Web Scraping Instagram Photos with Selenium

Updated: Mar 19, 2021

Selenium is a very powerful web scraping tool, it can target specific content elements on a dynamically loading webpage and extract them mercilessly! But great power also leaves room for great errors, and in this short tutorial, I will show handy ways to bypass them and automate the entire process of Instagram image extraction.

We’ll focus on one task — web scraping a full database of cat images out of Instagram, straight onto your computer. We’ll do it step by step and we’ll discuss the challenges and the reasoning behind certain commands:

Install Selenium
Install a Web Driver
Initialize a Web Driver Object
NoSuchElement Exception and WebDriverWait
Login to Instagram
Dismiss Alerts
Search a Hashtag
Scroll down to the bottom of the page
Create a new directory on your computer
Save extracted images on your computer

Install Selenium

If you're using Anaconda, please type the following command (after activating your working environment of course):


conda install -c conda-forge selenium

If you're using any other distribution software, please type the following command inside your command prompt terminal:

pip install selenium

Install Web Driver

Web Driver is a tool that connects between your code and your web browser and essentially allows the automation process. Therefore the type of web driver you select would depend on the browser you are using. Please select one, or a few, of the options below (several web drivers can be installed on your computer simultaneously, I mostly use Chromedriver, but I always have Gecodriver installed as a backup, just in case).

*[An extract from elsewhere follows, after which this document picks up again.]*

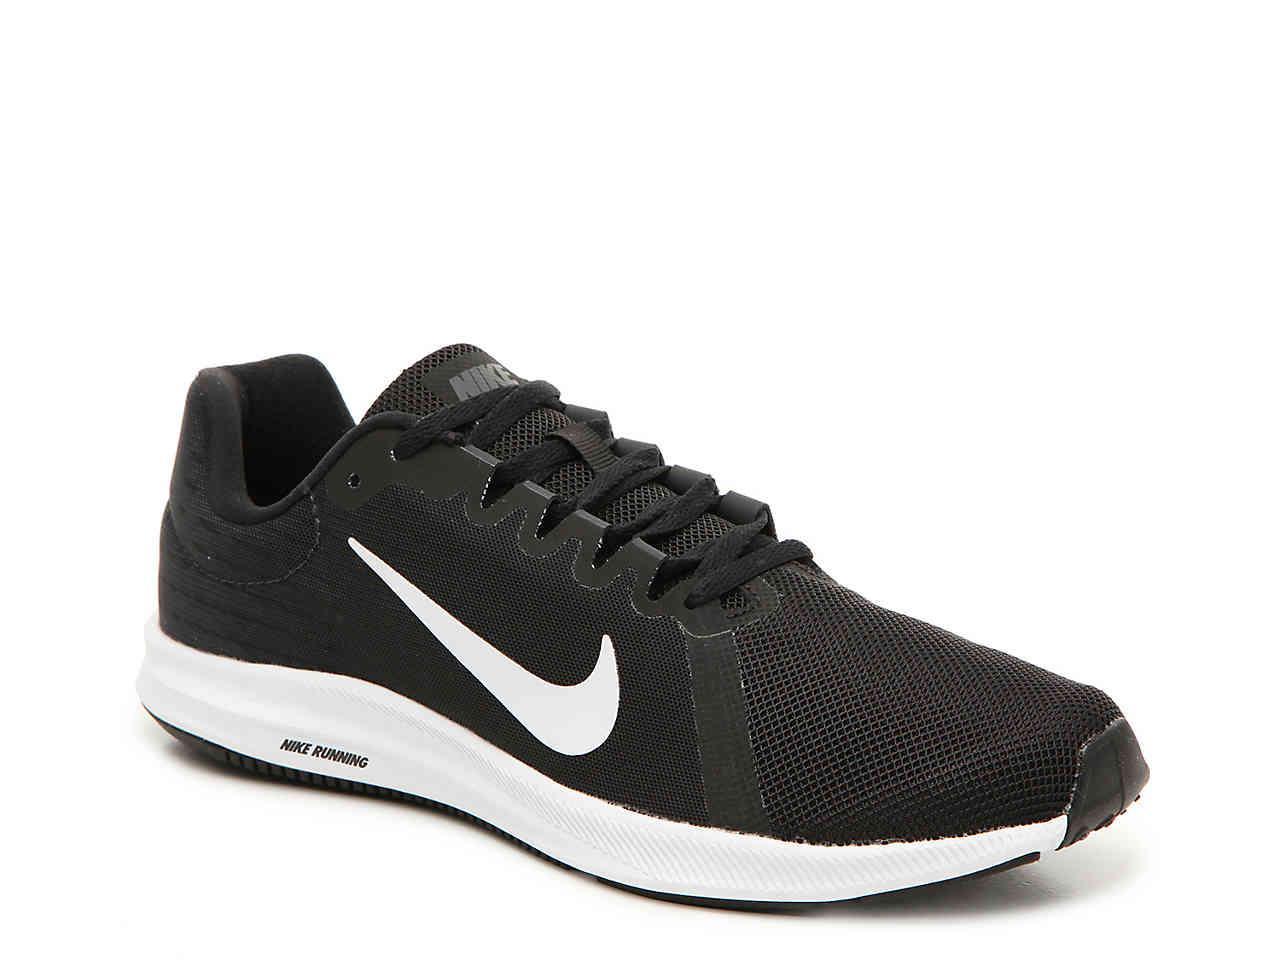 431b18d277b10 Lyst - Nike Downshifter 8 Lightweight Running Shoe in Black for Men

Download Chrome Web Driver:

https://chromedriver.chromium.org/downloads

Download Firefox Web Driver (Geckodriver):

https://github.com/mozilla/geckodriver/releases

Additional Web Drivers for browsers such as Safari & Edge can be found here:

https://selenium-python.readthedocs.io/installation.html

a quick tip: I highly recommend saving chromedriver.exe or geckodriver.exe in your root path, that way you won’t need to specify the URL of your file every time you initialize the driver. In the screenshot below you see my Anaconda root folder, which is in the same directory as my chromedriver.exe file.

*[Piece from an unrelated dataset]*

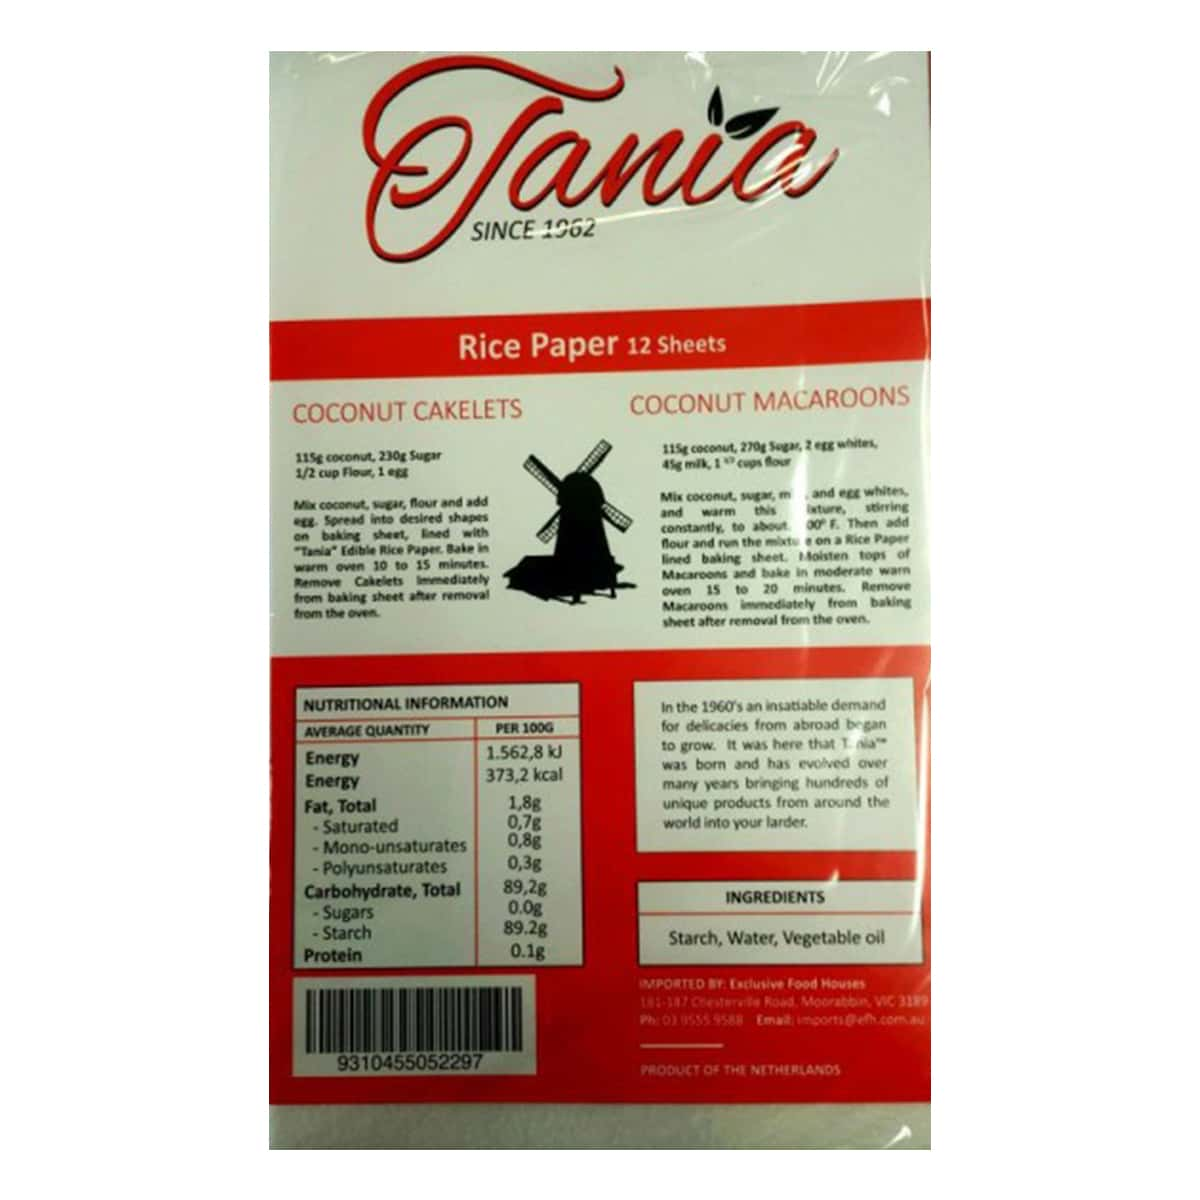 Buy Tania Rice Paper (12 Sheets) - 40 gm

a screenshot of Chromedriver saved inside an Anaconda root folder — save the webdriver inside your root folder

Initialize a Web Driver Object

We’ll begin with the most basic Selenium commands — setting up the Web Driver, initializing it and navigating to a URL of your choice, in our case instagram.com:

from selenium import webdriver

file_path = 'C:/Users/goaim/chromedriver.exe'

driver = webdriver.Chrome(file_path)
driver.get("http://www.instagram.com")

Or alternatively, if you saved your webdriver inside the root folder, you can simply type the following and skip the file_path specification:

from selenium import webdriver

driver = webdriver.Firefox() #NOTE: FIREFOX EXAMPLE
driver.get("http://www.instagram.com")

These commands will result in a new browser window opening-up and navigating to www.instagram.com.

Login to your Instagram account:

We’ll begin by opening our developer tools (with a right mouse click anywhere on the page , then selecting “developer tools”). This will present you with the source code of a given web page, allowing you to see all the DOM elements.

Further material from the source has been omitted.